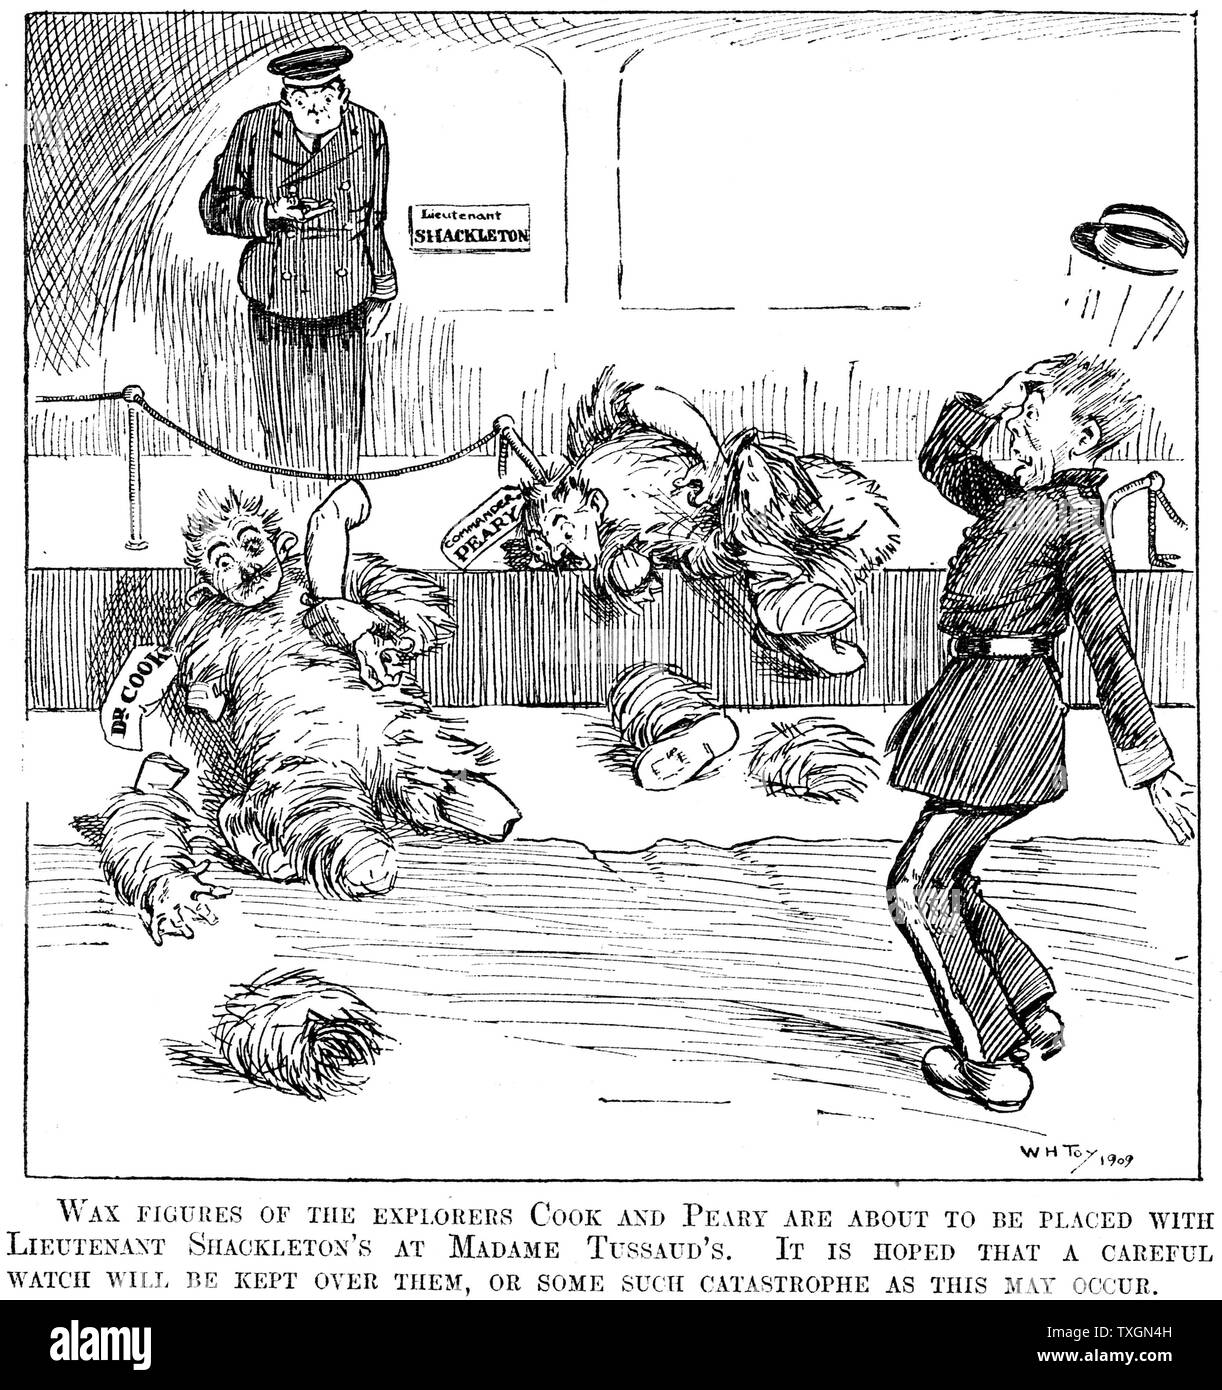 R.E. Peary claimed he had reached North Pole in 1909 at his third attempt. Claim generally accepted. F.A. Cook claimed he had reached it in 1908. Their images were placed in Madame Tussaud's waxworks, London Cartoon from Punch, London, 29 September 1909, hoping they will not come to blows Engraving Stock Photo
☆ ☆ ☆ ☆
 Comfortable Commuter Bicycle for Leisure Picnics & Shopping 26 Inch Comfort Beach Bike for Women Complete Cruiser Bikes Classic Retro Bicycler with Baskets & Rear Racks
☆ ☆ ☆ ☆
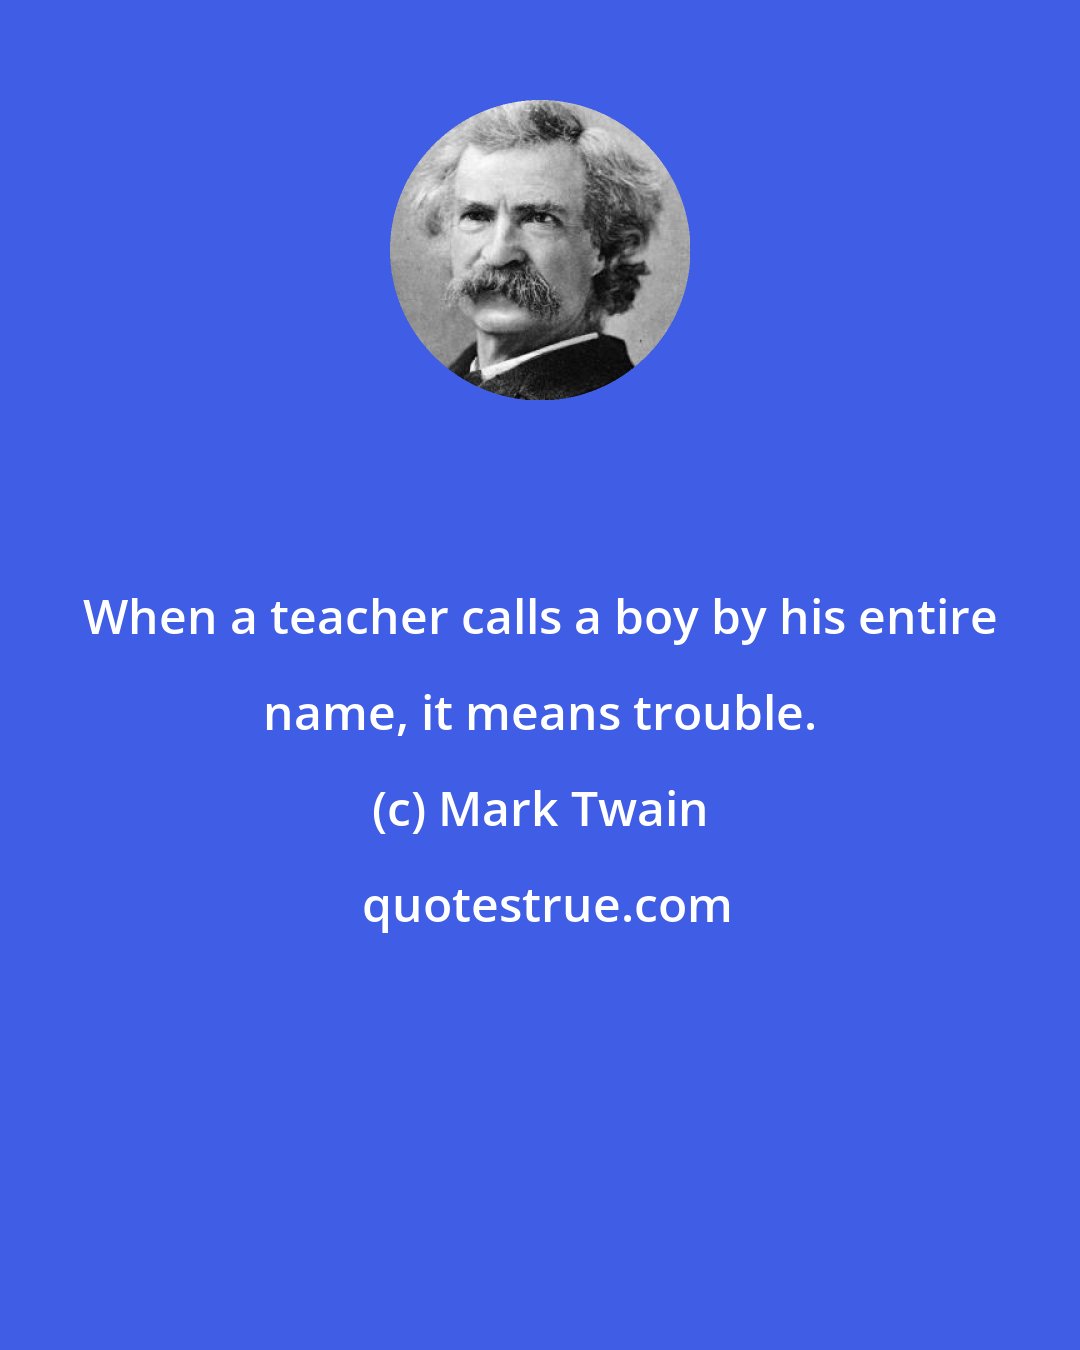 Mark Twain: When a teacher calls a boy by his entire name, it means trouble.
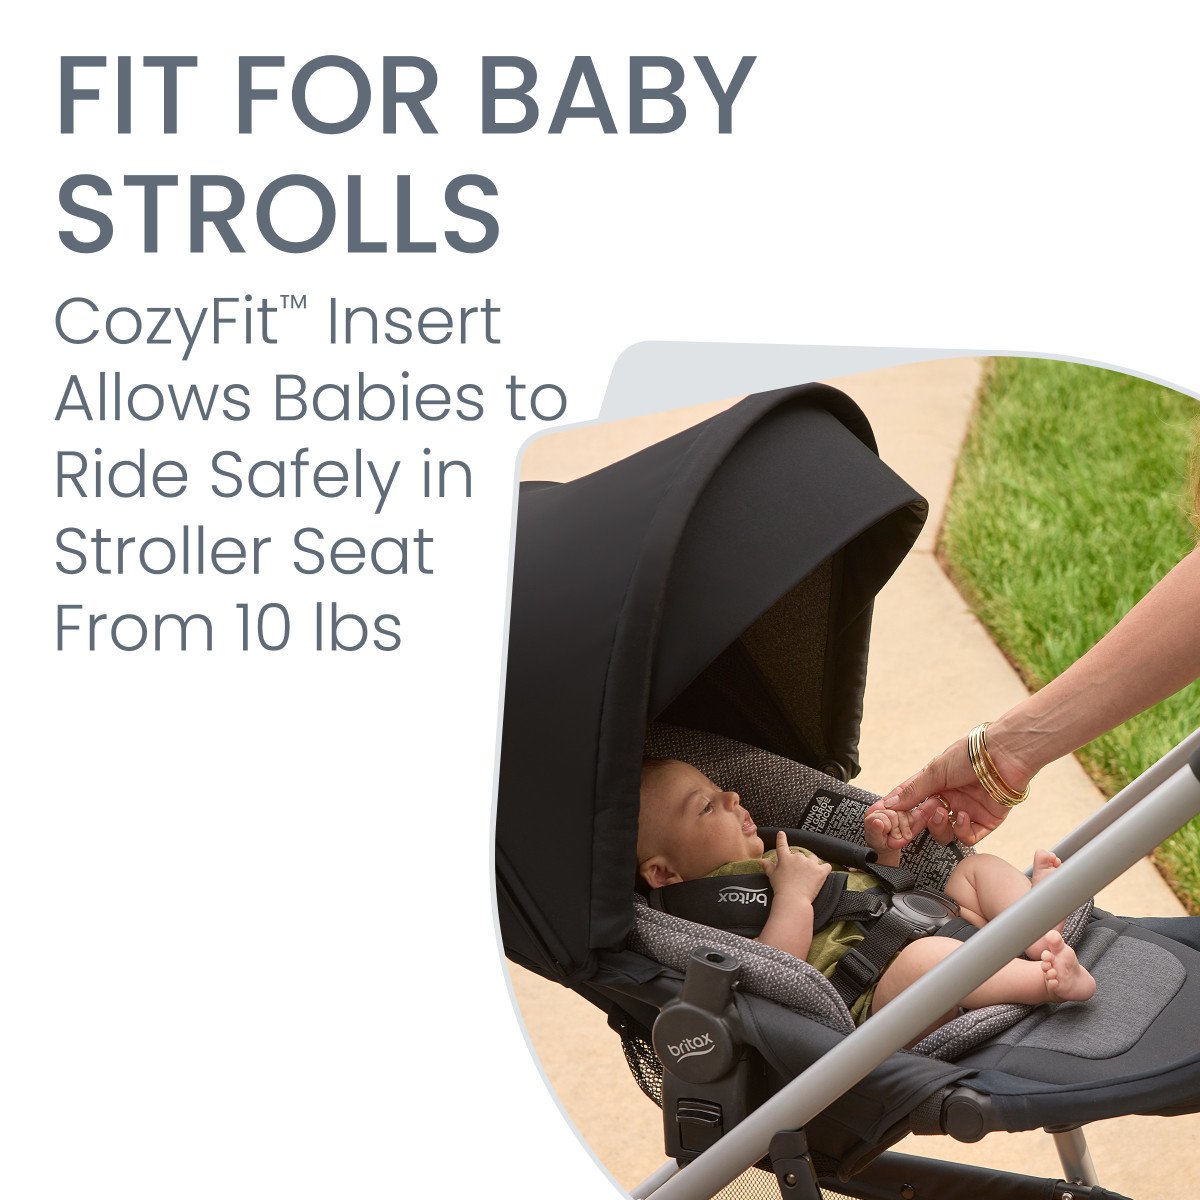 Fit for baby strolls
☆ ☆ ☆ ☆
EXERCISE GOAL: Give again the lines of the listing above that run from the one with "Mark Twain: When" up to and including the one with "Fit for baby strolls". Keep them exact and omit the pictures.

SOLVED EXERCISE:
 Mark Twain: When a teacher calls a boy by his entire name, it means trouble.
 Fit for baby strolls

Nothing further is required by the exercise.